■ Requirement
Line by line, retype the material exactly and leave each picture out.

+++ Source data +++

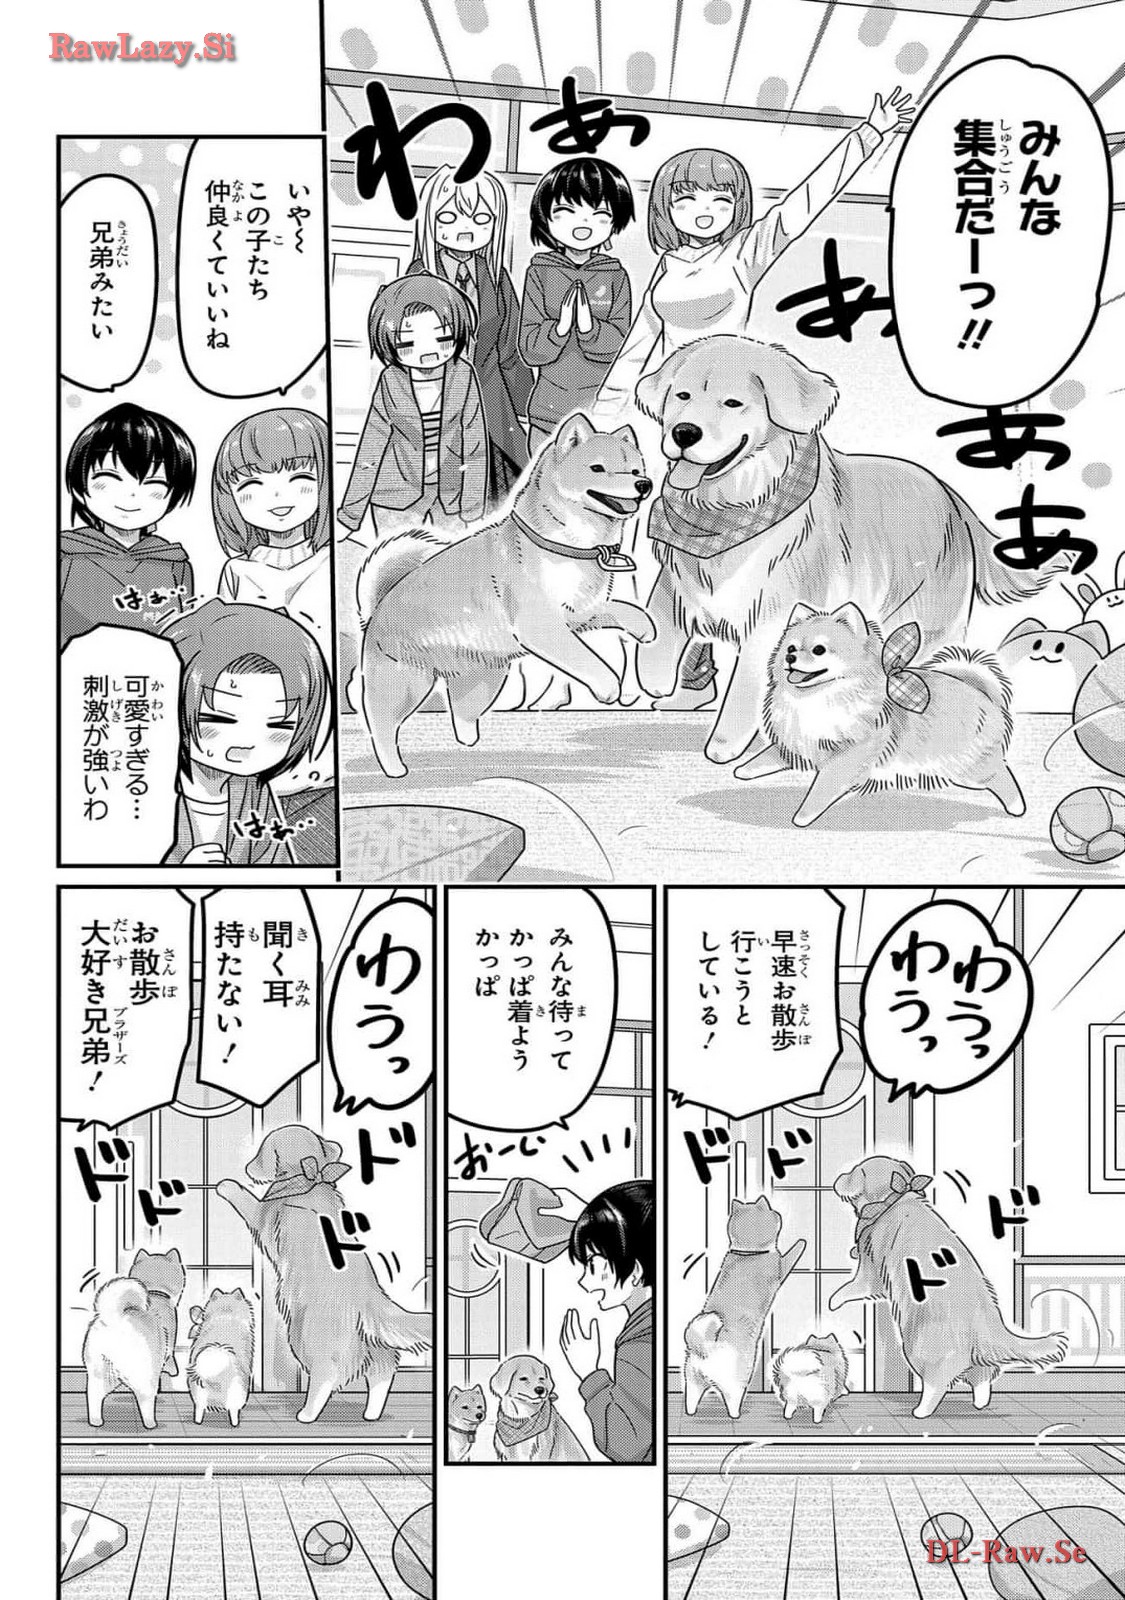 Kawaisugi Crisis - Chapter 108 - Page 6
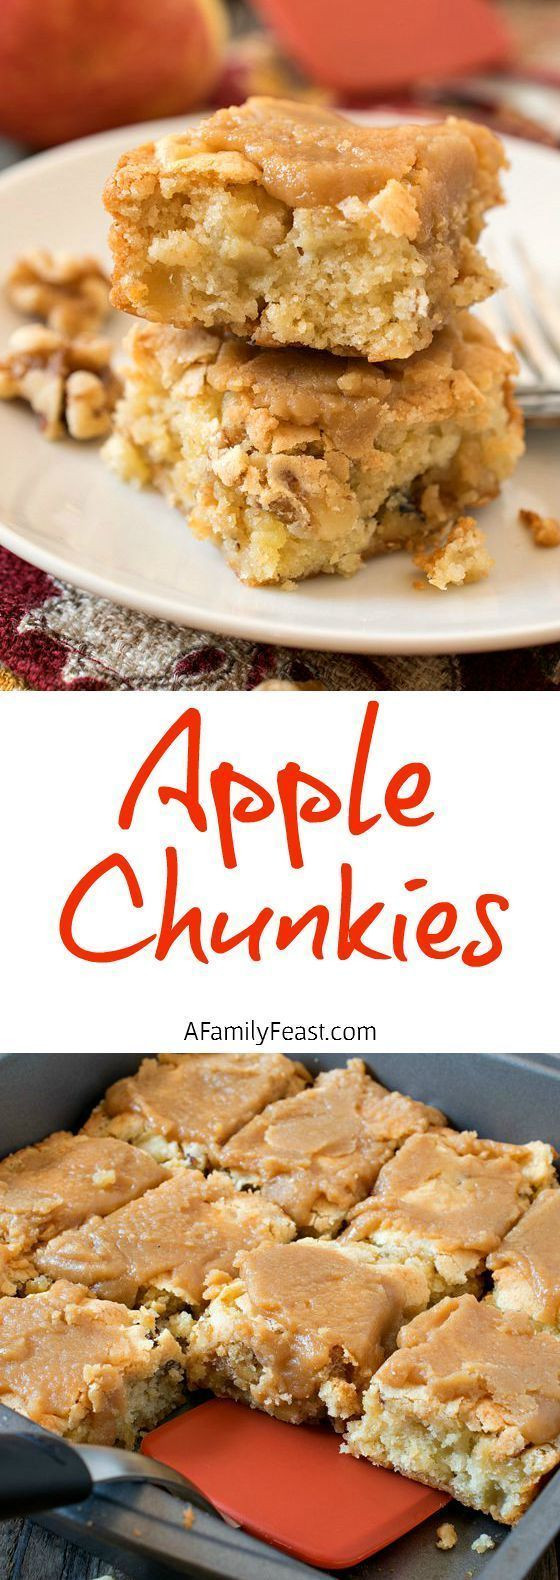 Quick Fall Desserts
 Best 25 Quick apple dessert ideas on Pinterest
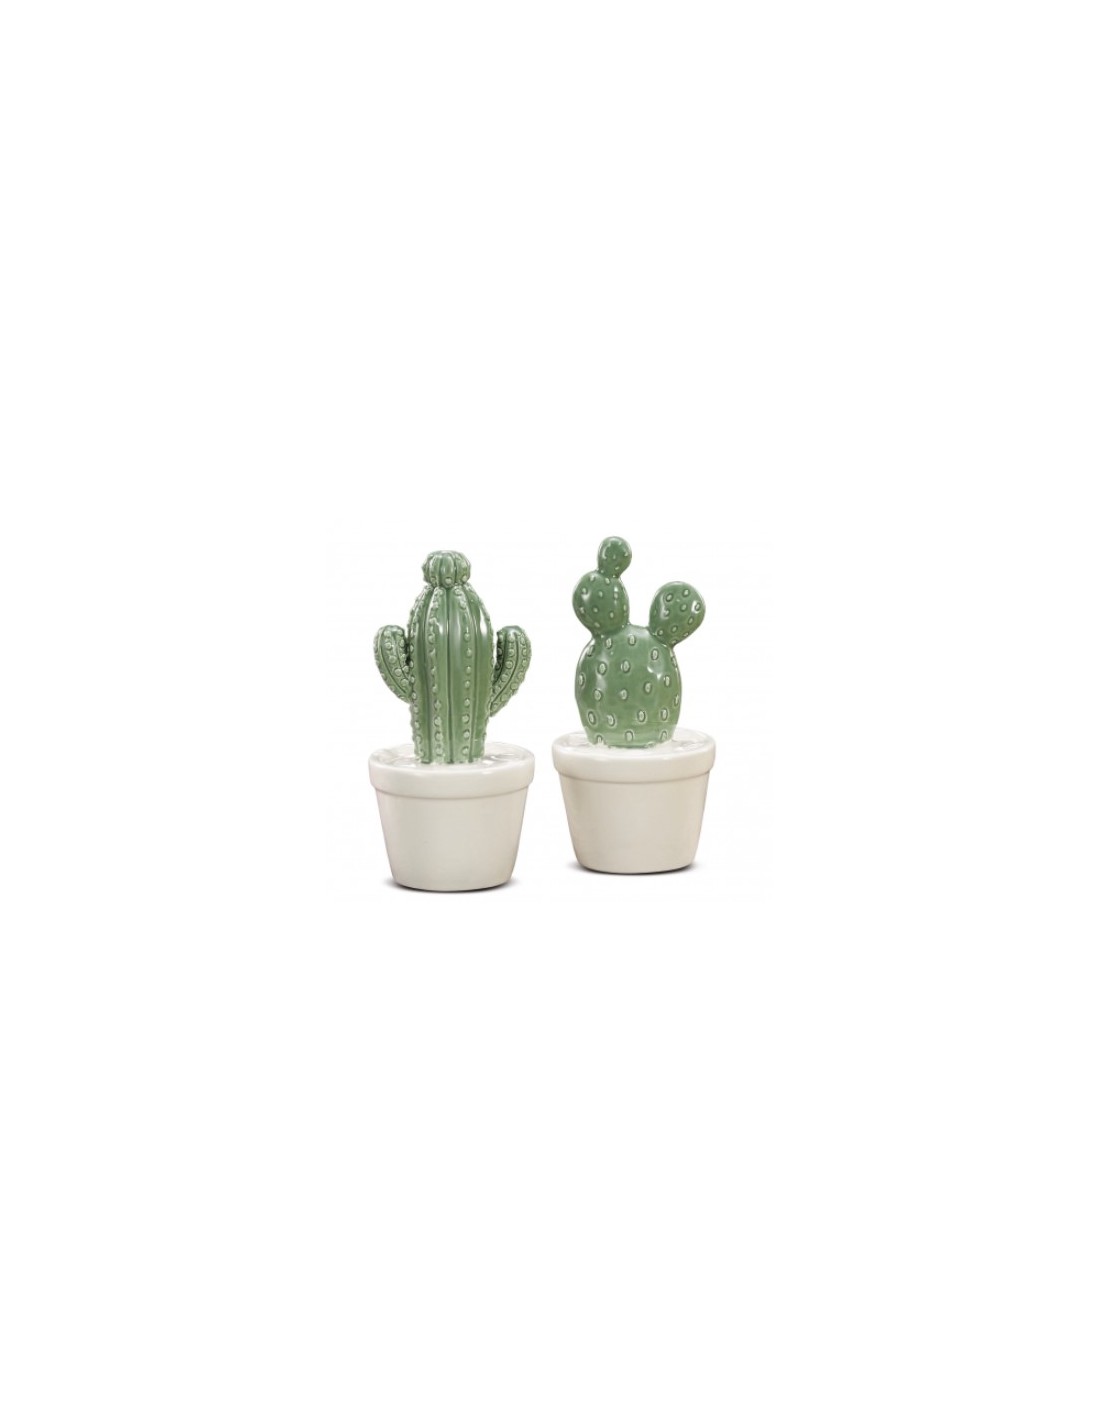 Comprare figura di cactus per decorare
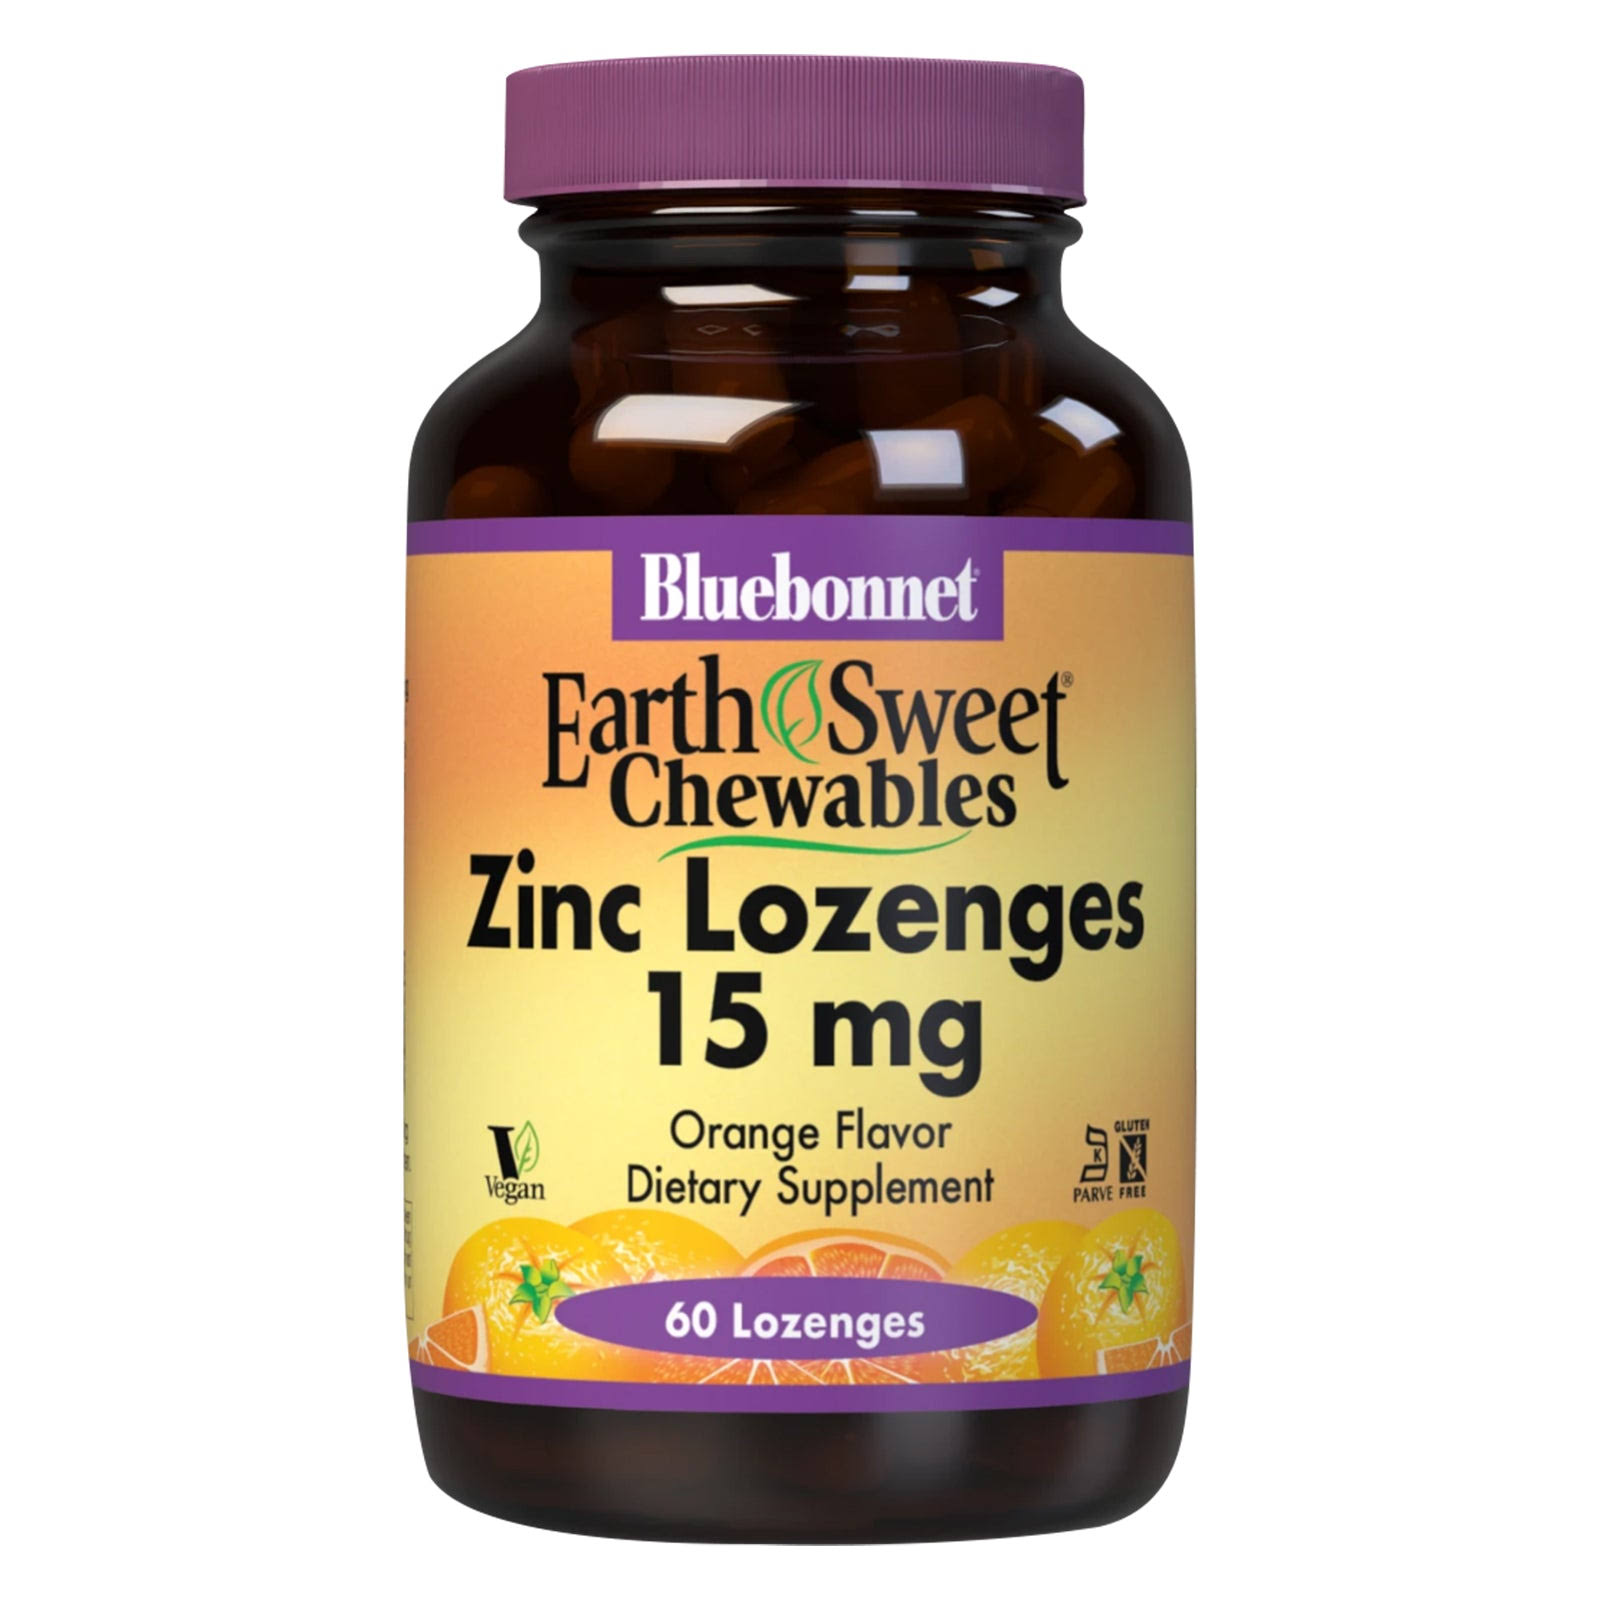 Bluebonnet Earth Sweet Zinc Lozenges - Orange Flavor, 60 Lozenges

+++

■ Answer for the task
 Kawaisugi Crisis - Chapter 108 - Page 6
 Quick Fall Desserts
 Best 25 Quick apple dessert ideas on Pinterest
 Comprare figura di cactus per decorare
 Bluebonnet Earth Sweet Zinc Lozenges - Orange Flavor, 60 Lozenges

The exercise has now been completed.